Small growers planning for bigger things
The contribution of small growers to the forestry industry is often under-estimated. Most of them have small patches of commercial plantations, ranging in size from one ha or less to several ha, which they maintain with hand tools only. The money they earn from selling their timber provides them with a much-needed cash windfall once every eight years or so (depending on species). In between harvests, they may get a bit of timber from thinnings or coppice reduction for use as building poles, fencing posts and firewood.
Busi Mnguni (centre) with Nakeni Mkwanazi (left) and Zethu Mkwanazi are part of a group of women who grow trees in Port Durnford, and want to acquire a bigger, commercial plantation. |
Yet between them the small growers contribute significant tonnages of fibre every year, and their potential to increase production levels is enormous. There are an estimated 20 000 small growers in KwaZulu-Natal province alone.
The cash income that most individual small growers get from timber is thus not sufficient to live on, but the cash windfall that comes in at harvest time is hugely important because it enables the grower to pay off a debt, pay for children's education or other essentials. For many small growers, the income from selling timber is the only source of cash income, besides a bit of cash they may earn from selling crafts or surplus vegetables from their gardens.
Surprisingly, a high percentage of the small growers operating in South Africa are women who are juggling their domestic responsibilities with a little vegetable farming and timber growing. Unlike growing vegetables, farming timber is heavy work but the rural women who engage in it are more than up for the challenge. Many of them are the sole breadwinners in their households.
SA Forestry magazine recently visited three feisty women growing timber in the Port Durnford area of Zululand. The only road to Port Durnford is littered with deep potholes and is in such poor shape that it is a disgrace. Whoever is responsible for maintaining roads here has little regard for this poor rural community. By comparison, the roads serving the surrounding farms, plantations and towns are like super highways.
But despite the condition of the roads, the women are upbeat and determined to take their timber growing activities to a higher level.
Busi Mnguni is the spokesperson for the local timber farmers, as she is chairperson of the uThungulu Small Growers Association. She manages her own small plantation of around two ha, and sells timber to Mondi's Richards Bay mill. She works tirelessly for her community and interacts with Forestry South Africa, DAFF and the local municipality on their behalf, mostly at her own expense. Her aim is to get support for local timber growers, and to develop markets for their craftmaking activities.
Nakeni Mkwanazi is a no-nonsense woman and mother of seven who has planted around 6.5 ha of gum on her own. Her plantation is planted in two blocks a few hundred metres apart and is one of the best in the district. The trees will be ready to harvest in a year or so, and she plans to do all her own harvesting.
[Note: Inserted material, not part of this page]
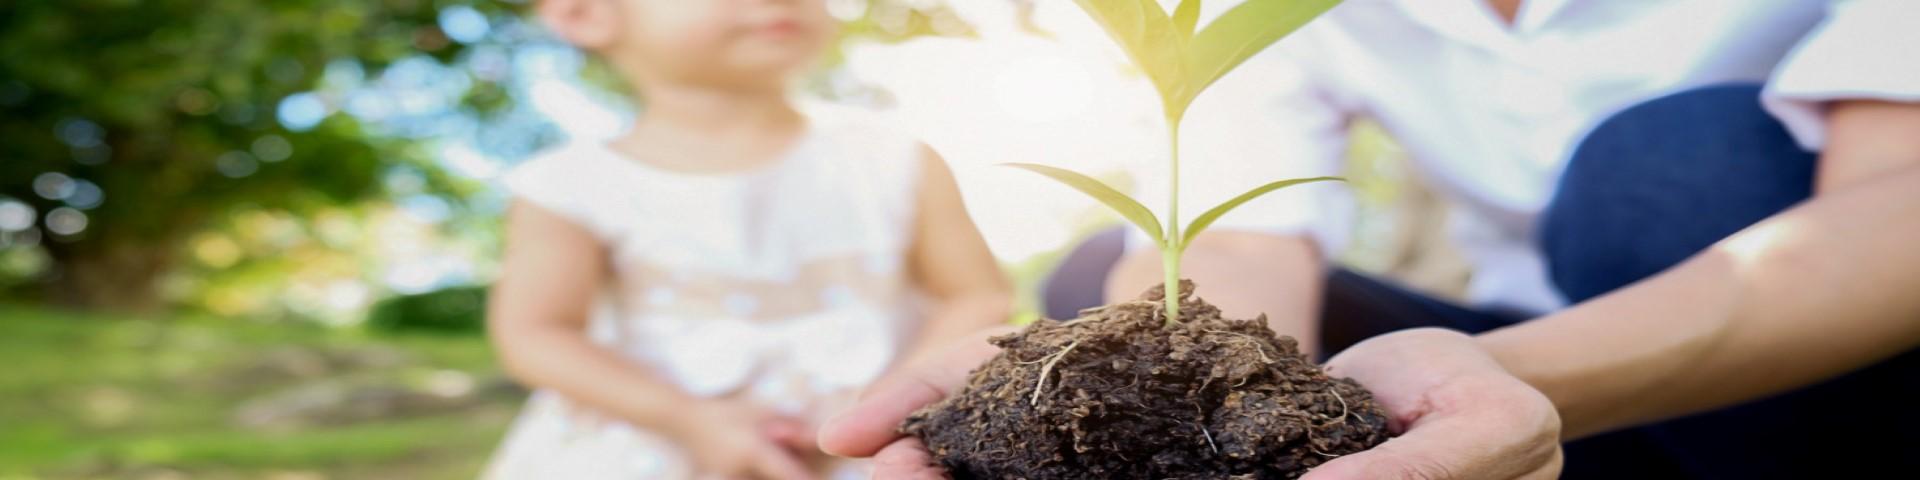 sustainable plant child 1920x480

She will use local transport to get her timber to NCT's woodchip facility in Richards Bay.
A big concern in this part of the world is fire, with patches of commercial timber interspersed with homesteads, vegetable gardens and grazing land. There are no strategic firebreaks around here, and a recent fire stopped just a few metres short of Nakeni's plantation. She knows she is going to have to defend it resolutely during the upcoming fire season, and has done a good job of clearing the brush that had accumulated under the canopy to reduce the fuel load.
Zethu Mkwanazi is another woman small grower living close by Nakeni and Busi. She has just one ha of gums, which has coppiced once and looks to be in need of some attention.
All three of the women said that their children were not very keen to work in the plantations and so they have to hire labour from the local community. Many of the people have worked in forestry at some time or another, so their experience is invaluable to the small growers.
One of the problems in this and other small grower areas is that there are a lot of abandoned patches of timber which quickly become fire hazards and are invaded by noxious weeds. These abandoned plots are the result of poor succession planning, and are an indication of the younger generation's lack of interest in forestry and rural lifestyles. Once abandoned, these plots don't just become unproductive – they become counter-productive. It's easier to establish a new plantation than to re-establish an abandoned plantation.
Busi is convinced that the women growers in her area like Nakeni and Zethu have the capability to run a bigger, commercial plantation. She has got together with a group of 10 women and they are busy negotiating with DAFF and the Department of Rural Development and Land Affairs to find a suitable plantation, and to find the necessary funding to buy it and start a proper forestry business.
Considering how these women run their own small plantations with limited resources, little support and barely usable infrastructure, I am convinced that they deserve to be taken seriously and that they get an opportunity to operate on a bigger scale.